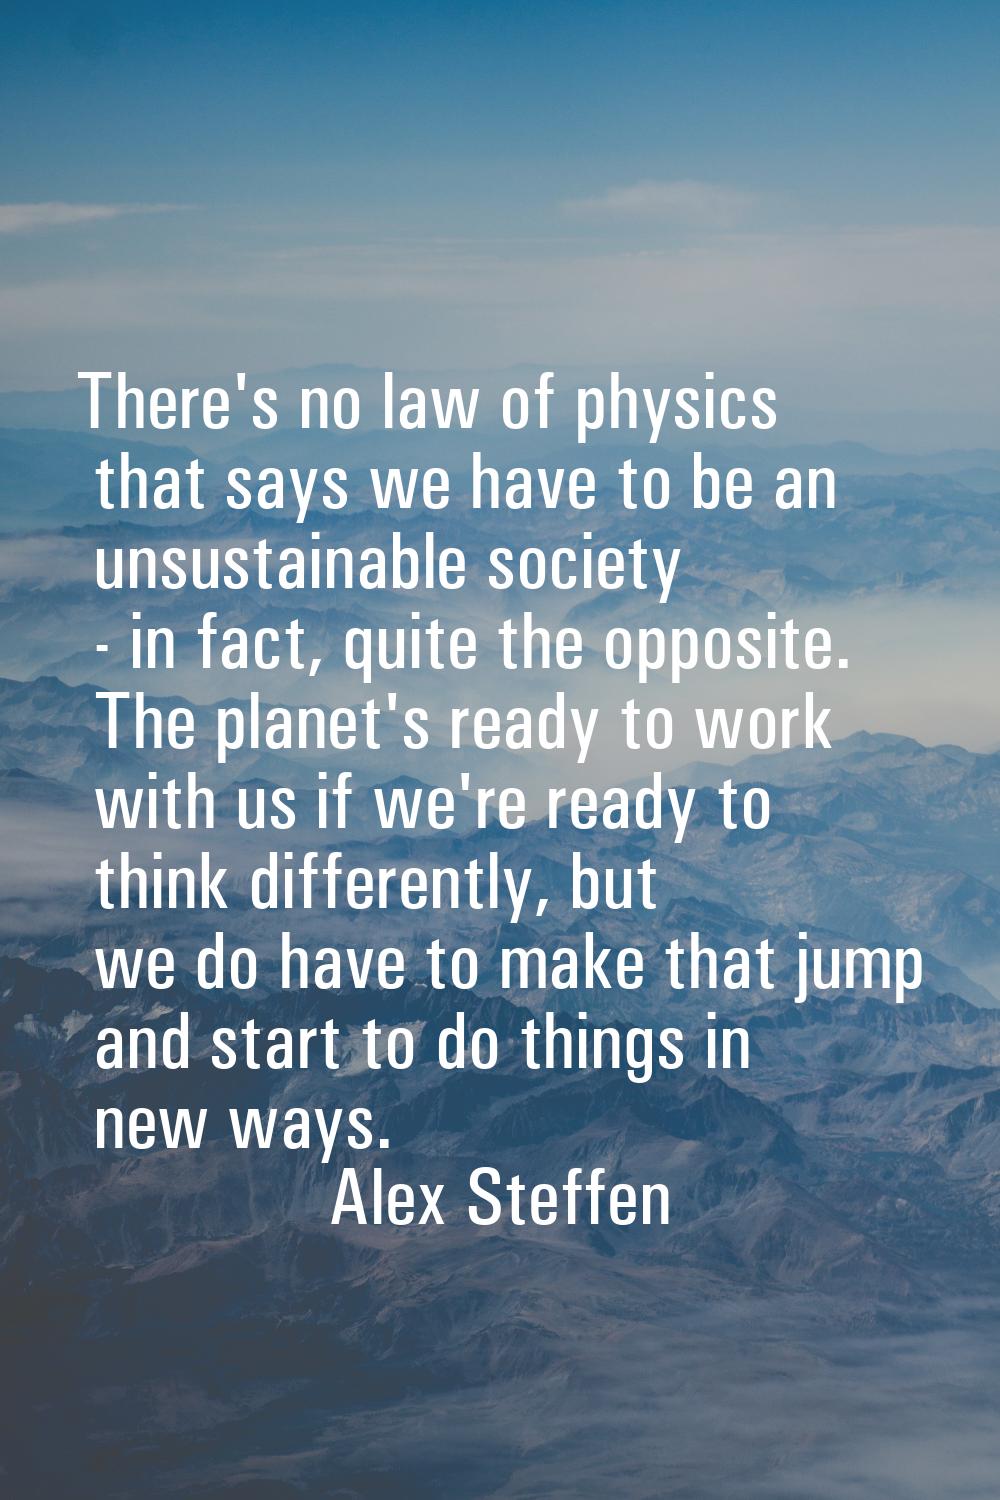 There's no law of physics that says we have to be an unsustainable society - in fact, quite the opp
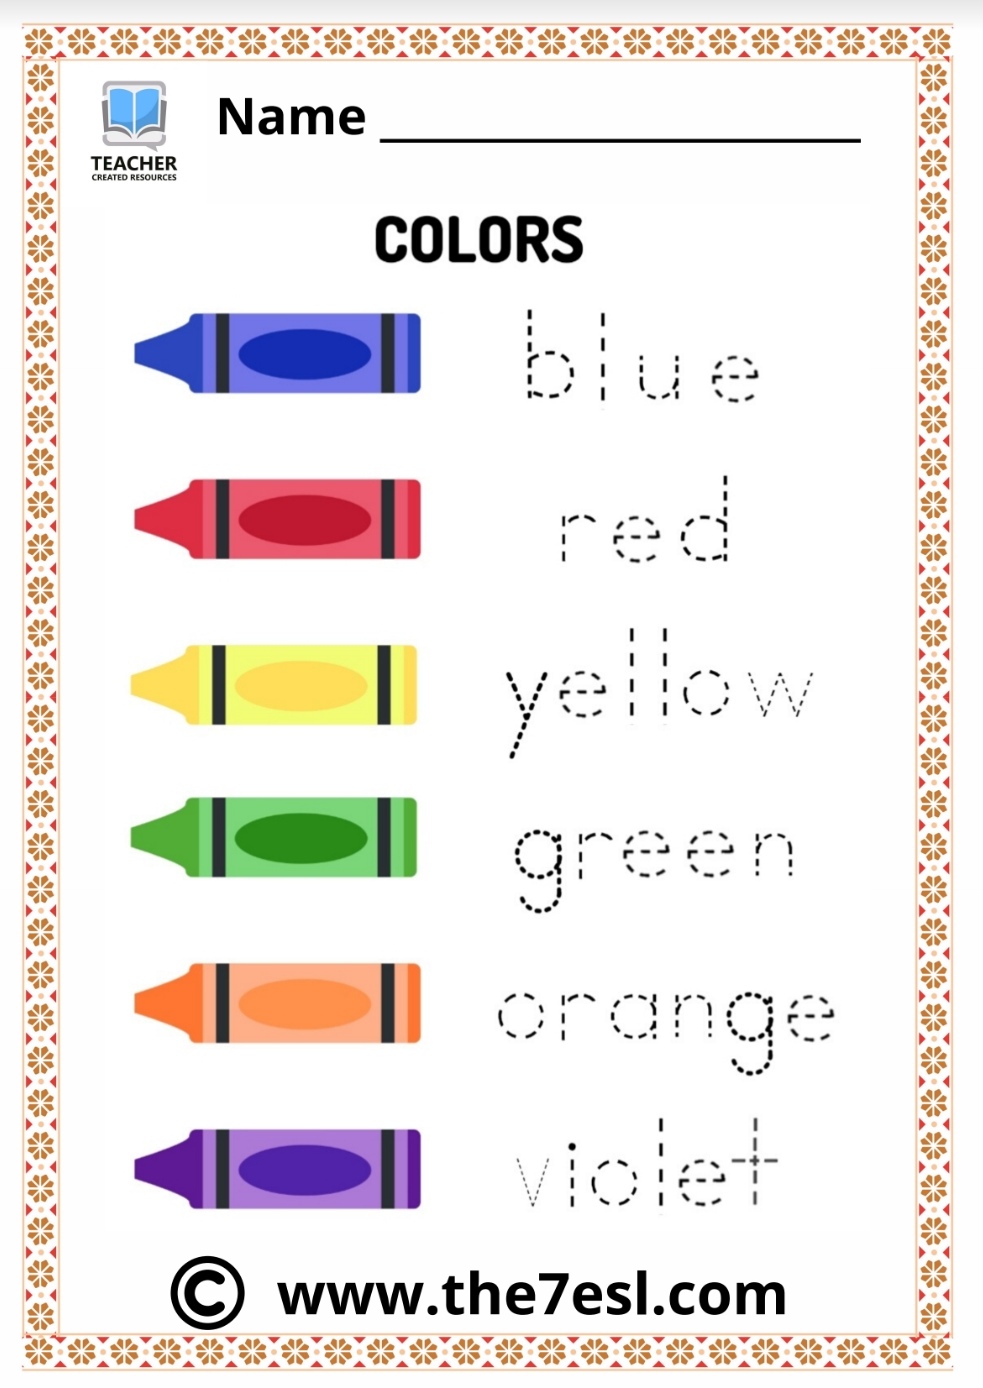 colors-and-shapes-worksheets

...

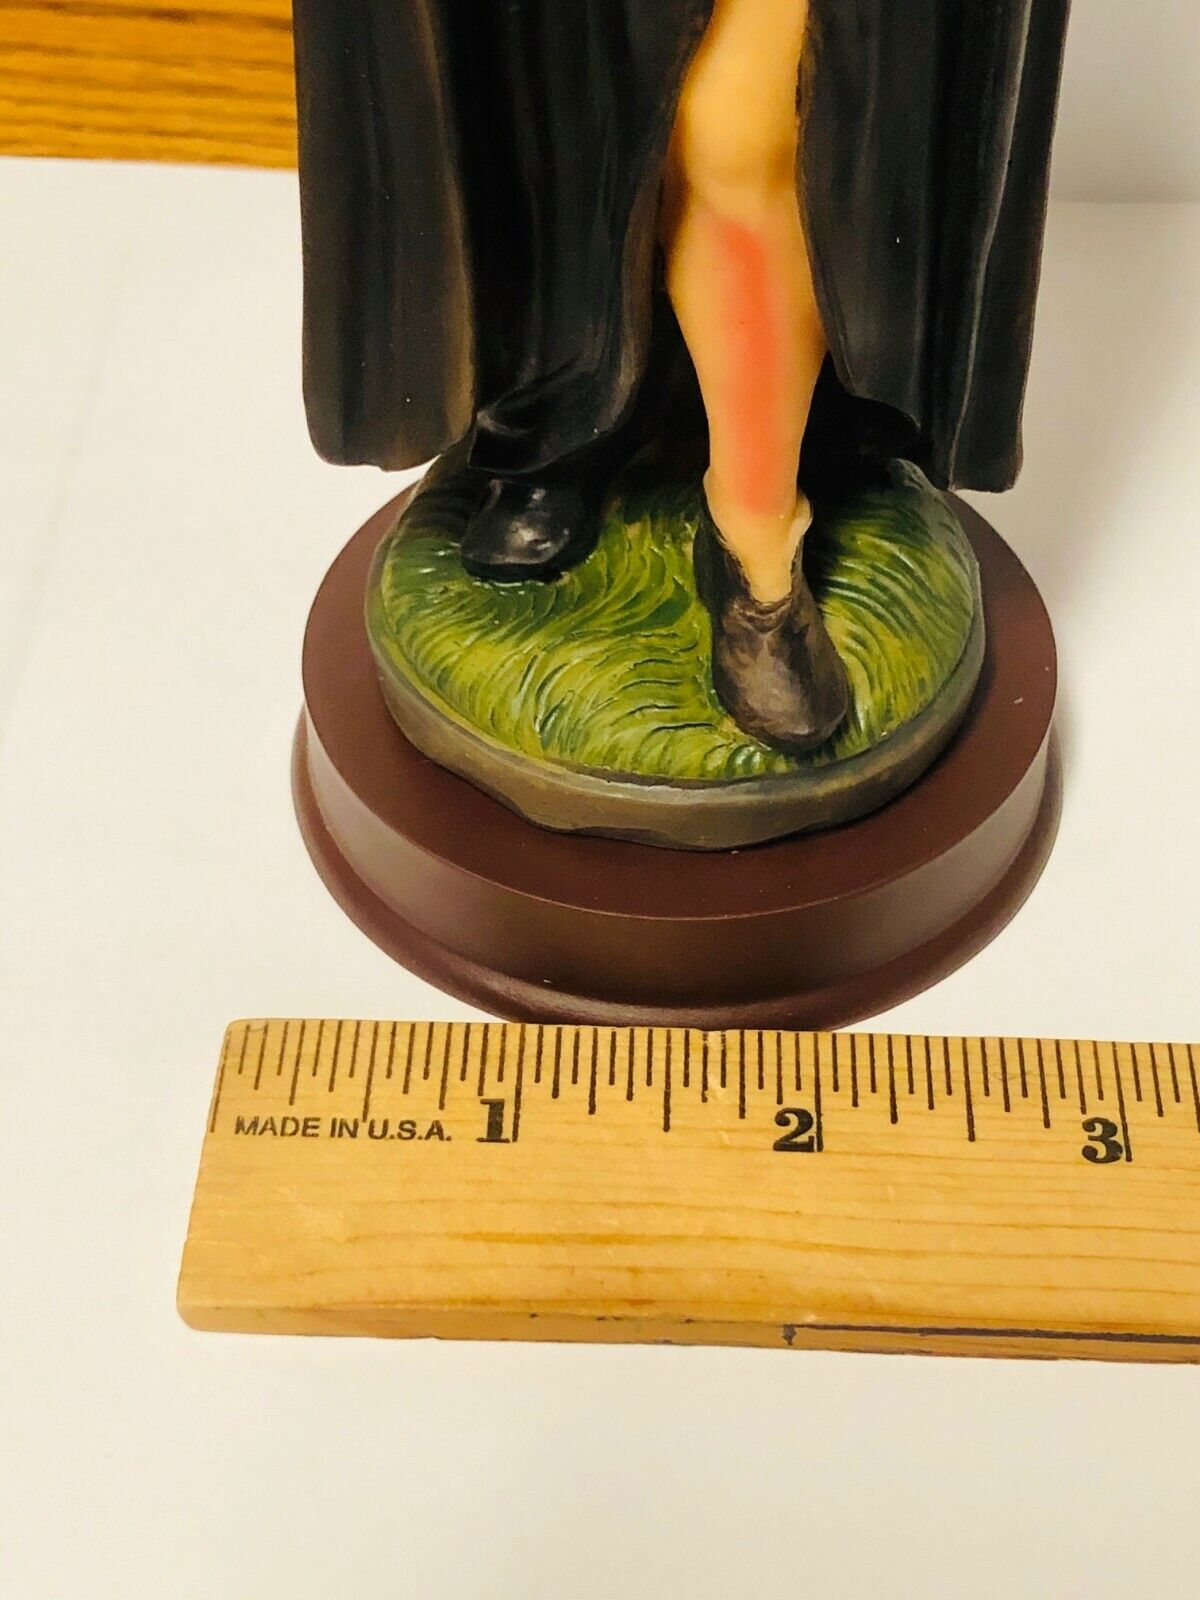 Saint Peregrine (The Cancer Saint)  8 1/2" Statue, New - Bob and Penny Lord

* Activity *
Using the entries above, extract exactly the lines from the one that contains "There's no law" through the one that contains "colors-and-shapes-worksheets". Do not carry over any pictures.

* Answer to this task *
 There's no law of physics that says we have to be an unsustainable society - in fact, quite the opp
 colors-and-shapes-worksheets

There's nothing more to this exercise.